Девочки не поняли, и я пояснил.
– По-итальянски в таких случаях вместо "кончил" говорят: "э венуто" – "пришел".
Тереза ужасно смутилась и покраснела, а Маша вдруг залилась таким искренним, таким веселым, а главное столь возбуждающим смехом, что у меня остановилось дыхание. Во-первых, она сама по себе в тот момент была феерически красива, с длинными густыми, иссиню черными волосами и огромными зелеными глазами. Особенно прекрасна была ее ослепительная белозубая улыбка, а ля Софи Лорен. Во-вторых, я сразу однозначно понял, что она меня хочет, что эта потрясающе красивая средиземноморская девочка, так похожая на итальянскую кинозвезду, действительно может быть моей. У меня даже рюмка коньяка в руке чуть не расплескалась от волнения. Как сейчас помню свои дрожащие пальцы и жутчайшую, спонтанно возникшую эрекцию, из-за которой я бы просто не смог в тот момент выйти из-за стола…
… Следующая серия кадров: вечер пятого ноября. До праздников – больше суток, но народ уже гуляет, Невский расцвечен лампочками и увешен флагами. У меня еще с летних заработков на пушном аукционе остались в загашнике двадцать пять рублей одной бумажкой, огромные по тем временам деньги, и я повел ее в ресторан "Восточный" при гостинице "Европейская". Дело в том, что за день до этого, гуляя по
Невскому, мы купили с лотка на углу Бродского несколько чебуреков, которые Маше ужасно понравились. А, поскольку, чебуреки эти были фирменным блюдом ресторана "Восточный", то мы туда и направились.
Там у входа роилась масса народа, предпраздничная толпа ленинградских инженерно-технических работников и младших научных сотрудников, страстно мечтающих попасть внутрь, а мы в наглую их раздвинули, громко говоря по-итальянски, и приникли к самой двери.
То есть, я под боком Маши, тоже проканал под итальянца в своем драном пальто, берете и гэдээровских очках. С Машей-то проблем не могло возникнуть. Ее супер дубленка и замшевые сапожки слишком даже красноречиво говорили о национальной принадлежности их владелицы.
Швейцар, увидев нас сквозь стеклянную дверь, тут же её открыл, отпихнул очкастых, бородатых интеллигентов и важно сказал: Силь ву пле, мадам!
Потом был столик в углу, русская кабацкая музыка, чебуреки и много водки, которую Маша пила наравне со мной.
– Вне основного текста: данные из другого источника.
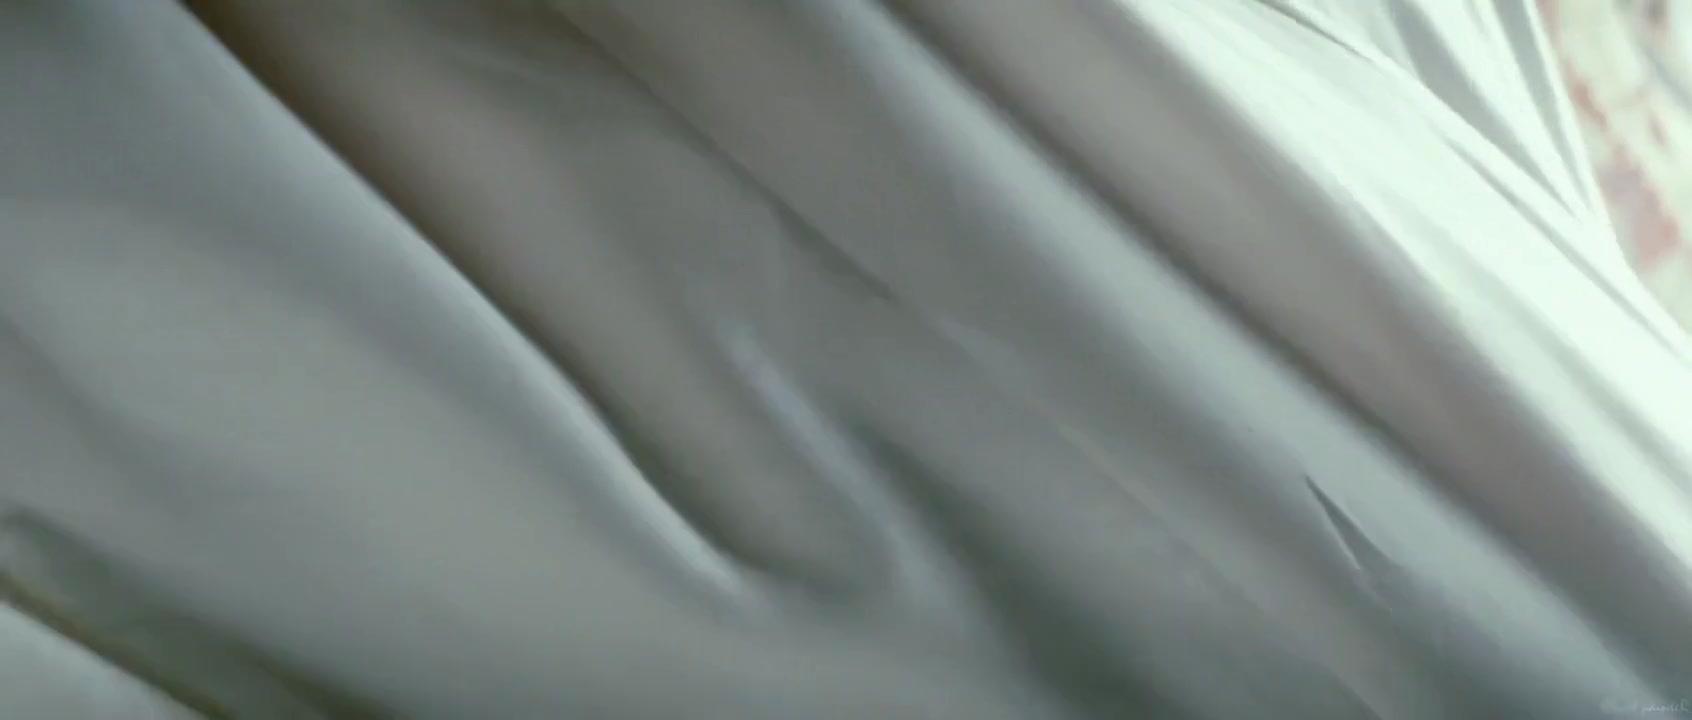 Fucking margo stilley Adult videos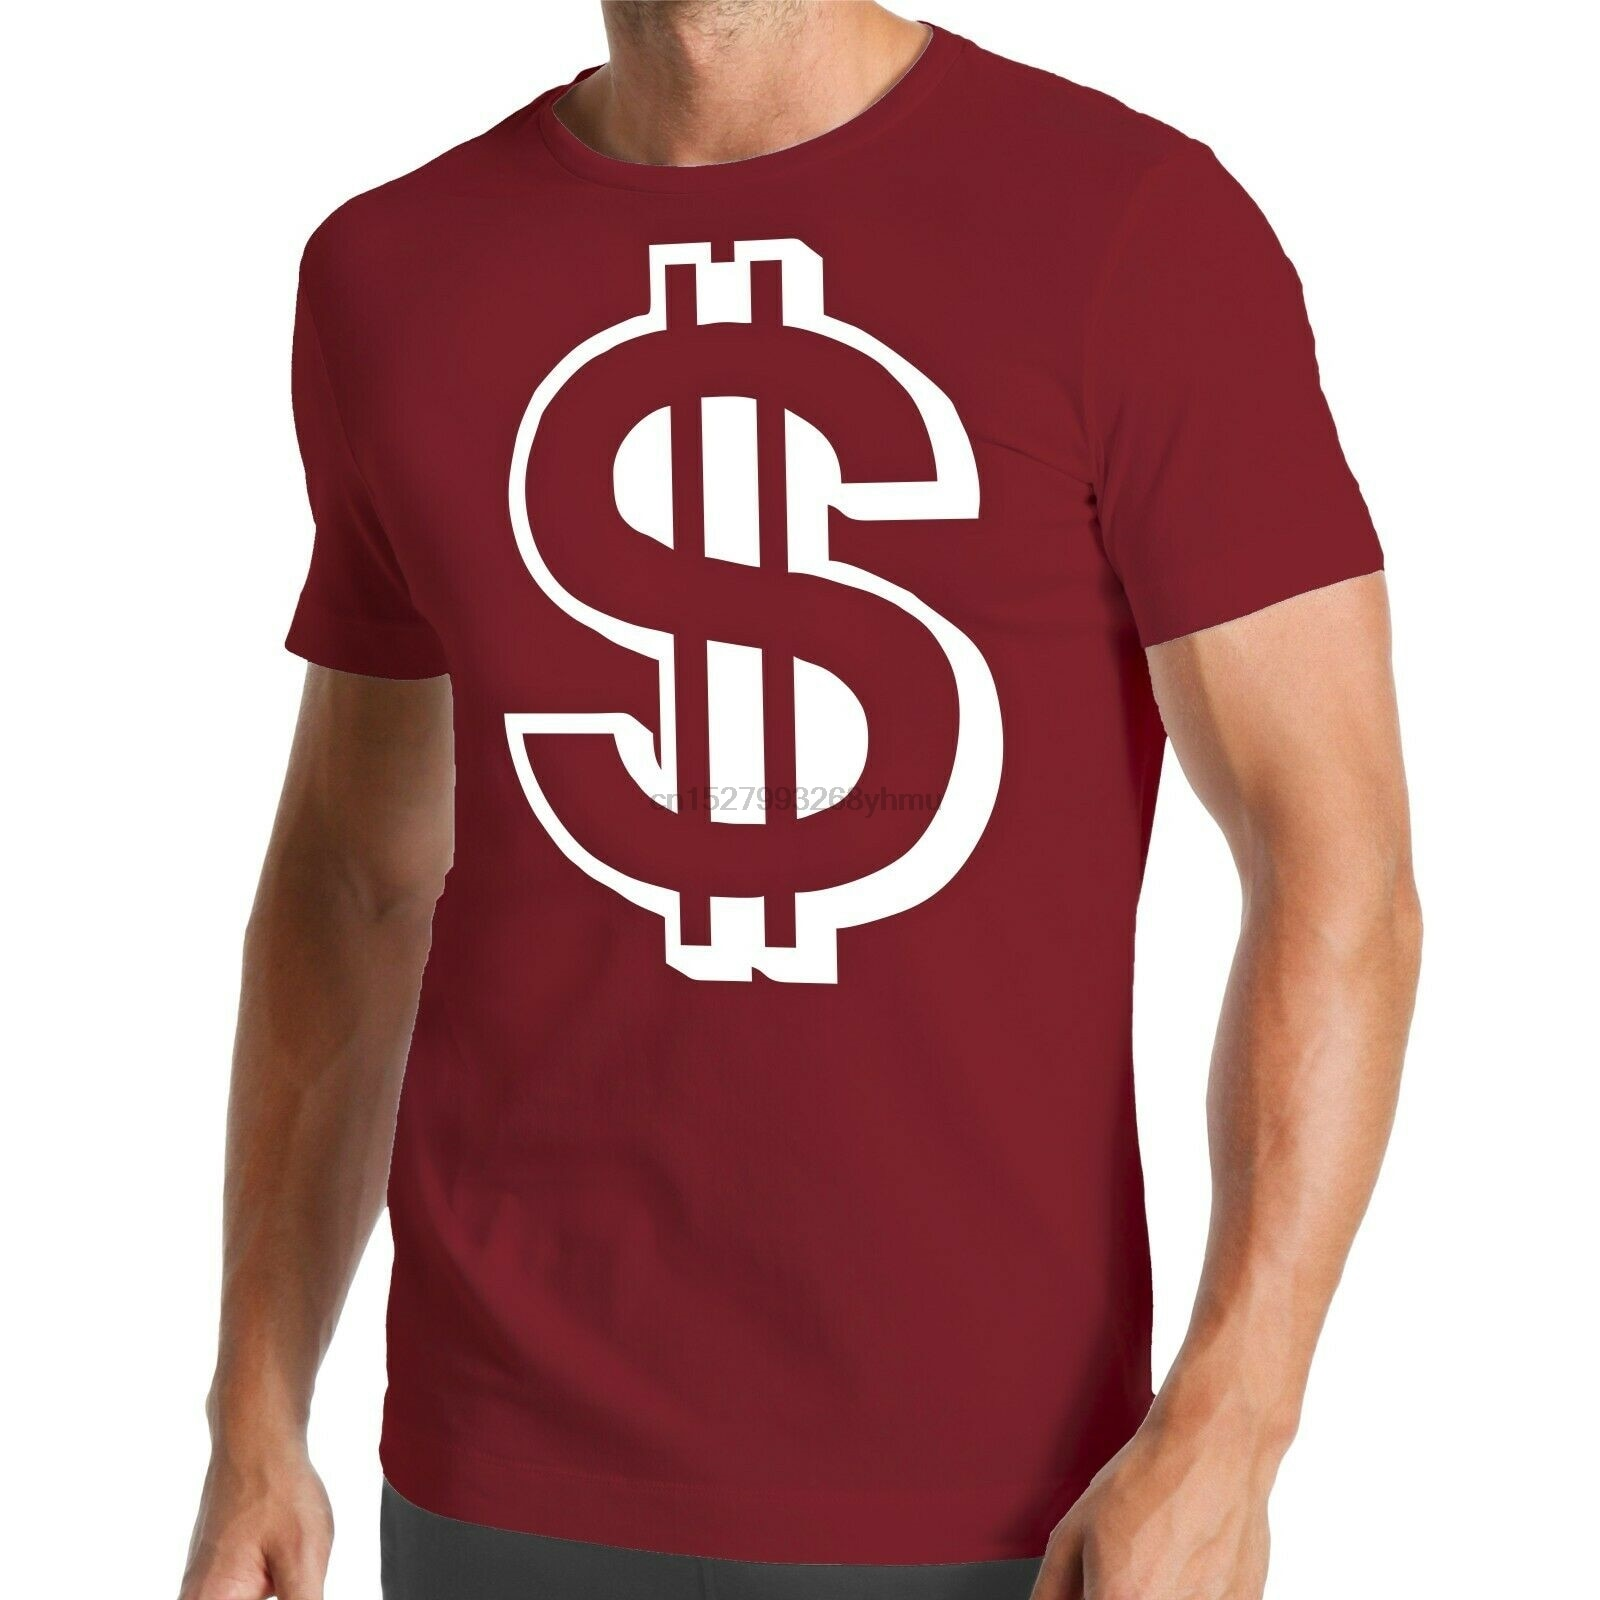 Dollar T-Shirt   US   CASH   Money   EXCHANGE   Bitcoin   Stock Exchange   Stock

В какой-то момент оркестр заиграл блюз, свет почти погас и мы, обнявшись, танцевали в полумраке, целуясь взасос, пока к нам ни подбежала официантка и ни прошипела: Прекратите немедленно, вы неприлично себя ведете!…
… Следующий кадр – ночной Невский проспект. Праздничные гирлянды лампочек, темные имперские фасады зданий, тусклые витрины, фары редких машин, белые шары фонарей и красные флаги сквозь падающий первый ноябрьский снежок. Мы только что покинули ресторан
"Восточный", идем по совершенно пустому тротуару в сторону
Адмиралтейства, и я завожу ее в Итальянский дворик Строгановского дворца. Кругом нас была абсолютная пустота, мы были с ней одни в этом дворике, одни на Невском, одни во всем мире. Сидели рядышком на скамейке, и наши губы, руки и языки представляли собой единое целое.
Мои ладони проскользнули сквозь ворох ее одежд, проникли к нежной коже и я гладил ее везде. Она раздвинула ноги, позволив моим пальцам пробираться внутрь себя, в то время, как ее пальчики расстегнули мои брюки и проникли в них. Она нежно обняла его, вынула из ширинки и, наклонившись, взяла в рот. Ее, купленная в Березке, меховая русская шапка упала на землю, длинные черные волосы накрыли мои расстегнутые штаны, разметались по ее спине, а я гладил их, теребил и наматывал на пальцы.
Я представил себе, что вот в этот самый момент моя плоть находится между таких прекрасных губ, что ее обволакивает МАшина ослепительная улыбка, и извергся раскаленным фонтаном. Меня била мелкая дрожь, и в абсолютной тишине я слышал, как Маша громко глотает моё семя. Затем она выпрямилась, обняла меня за шею и прошептала в ухо: "Аччидо, аччидо (кислое, кислое). А, потом мы стали целоваться, и я тоже почувствовал на ее губах кислый привкус собственной плоти…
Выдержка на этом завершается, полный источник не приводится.